Adana'da şiddet gördüğü, kendisini fuhşa sürüklemek istediğini öne sürdüğü eşi Hasan Karabulut'u tabancayla vurarak öldürüp, 15 yıl hapis cezası alan ve ardından kefaletle serbest bırakılan Çilem Doğan, kadın haklarının sadece 8 Mart Dünya Emekçi Kadınlar Günü'nde değil, her gün gündemde olması gerektiğini söyledi.
Çilem Doğan, 2013 yılında evlendiği 1 çocuğunun babası Hasan Karabulut'u şiddet gördüğü ve kendisini fuhşa sürüklemek istediği gerekçesiyle 8 Temmuz 2015'te tabancayla vurarak öldürdü. Tutuklanan Çilem Doğan, ağırlaştırılmış müebbet hapis cezası istemiyle yargılandığı 10. Ağır Ceza Mahkemesi'nde 'tahrik ve iyi hal indirimi' ile 15 yıl hapis cezasına çarptırıldı. Doğan'ın avukatı 10. Ağır Ceza Mahkemesi'ne müvekkilinin uygun görülecek adli kontrol tedbirleriyle tahliye edilmesi için talepte bulundu. Mahkeme heyeti ise Çilem Doğan'ı 20 Haziran 2016'da 50 bin TL kefaletle tahliye etti. Dava ise Yargıtay'a gönderildi, ancak henüz karar verilmedi.
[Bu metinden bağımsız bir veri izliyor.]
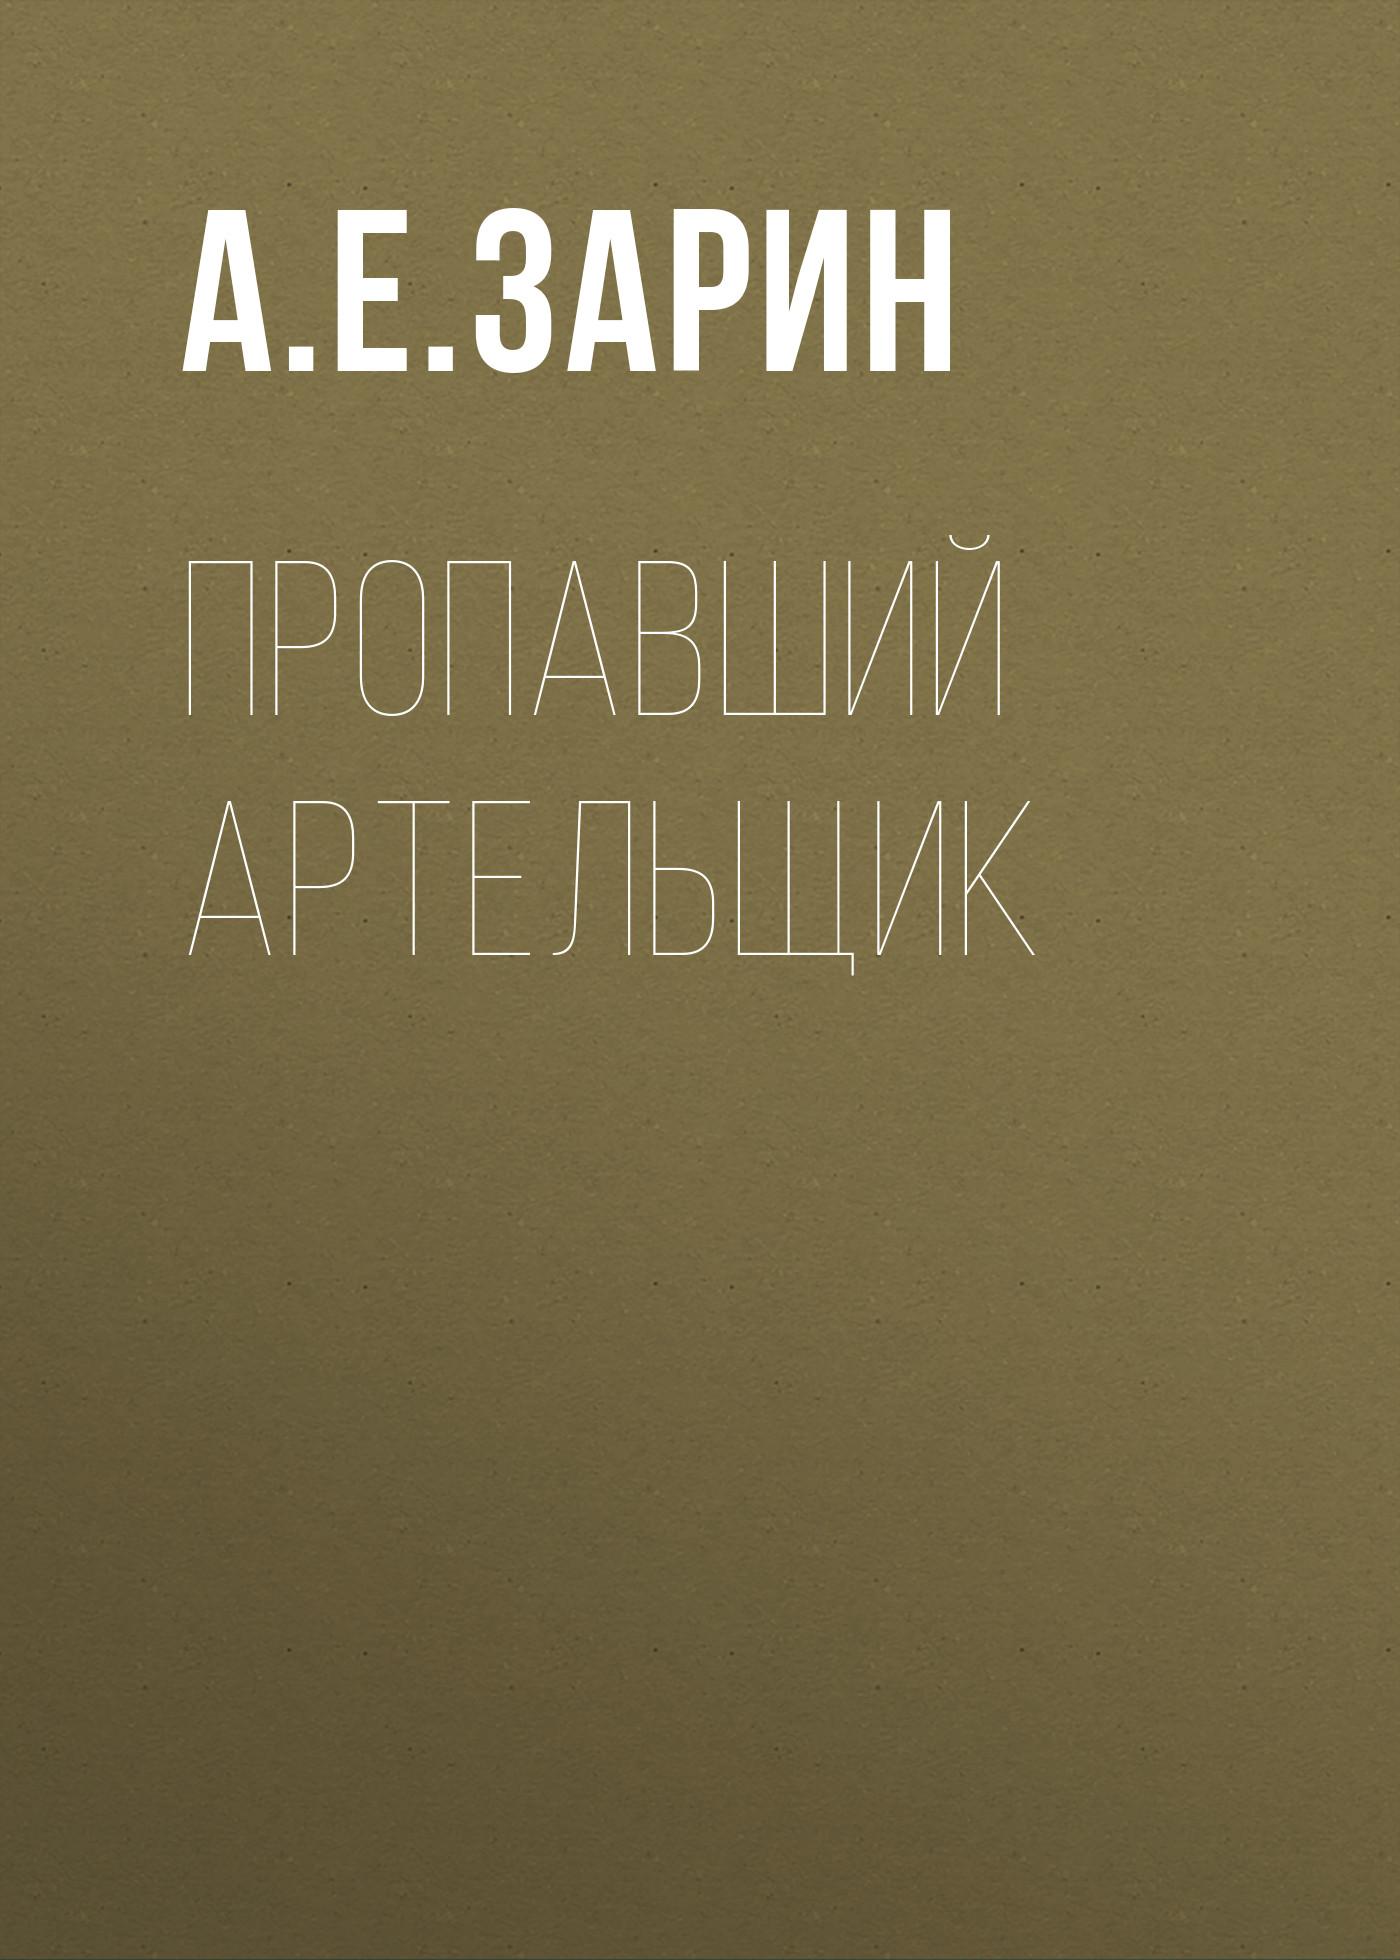 Купить книгу Пропавший артельщик, автора А. Е. Зарина

O günden bu yana kadına yönelik şiddete karşı mücadele eden Çilem Doğan, kadınların sadece 8 Mart Dünya Kadınlar Günü'nde değil, her gün hatırlanması ve haklarının savunulması gerektiğini belirtti.
Şiddet gören kadınlarla dayanışma içinde olmaya devam edeceğini kaydeden Doğan, son dönemde cinayete kurban giden kadın sayısının artmasının vahim olduğuna dikkat çekti.
'Şiddetin kalıntıları omuzlarımda'
Eşi tarafından hem psikolojik hem de fiziksel şiddete maruz kalan bir kadın olarak geçmişin etkisinin hayatında devam ettiğini söyleyen Çilem Doğan, "Geçmiş hayatıma göre çok mutluyum. Artık hayatımda şiddet yok. Haklarımı aramayı öğrendim. Şiddet mağduru insanlara yardımcı olmayı amaç edindim. Elimden geleni yapıyorum. Şiddetin kalıntıları hala omuzlarımda" dedi.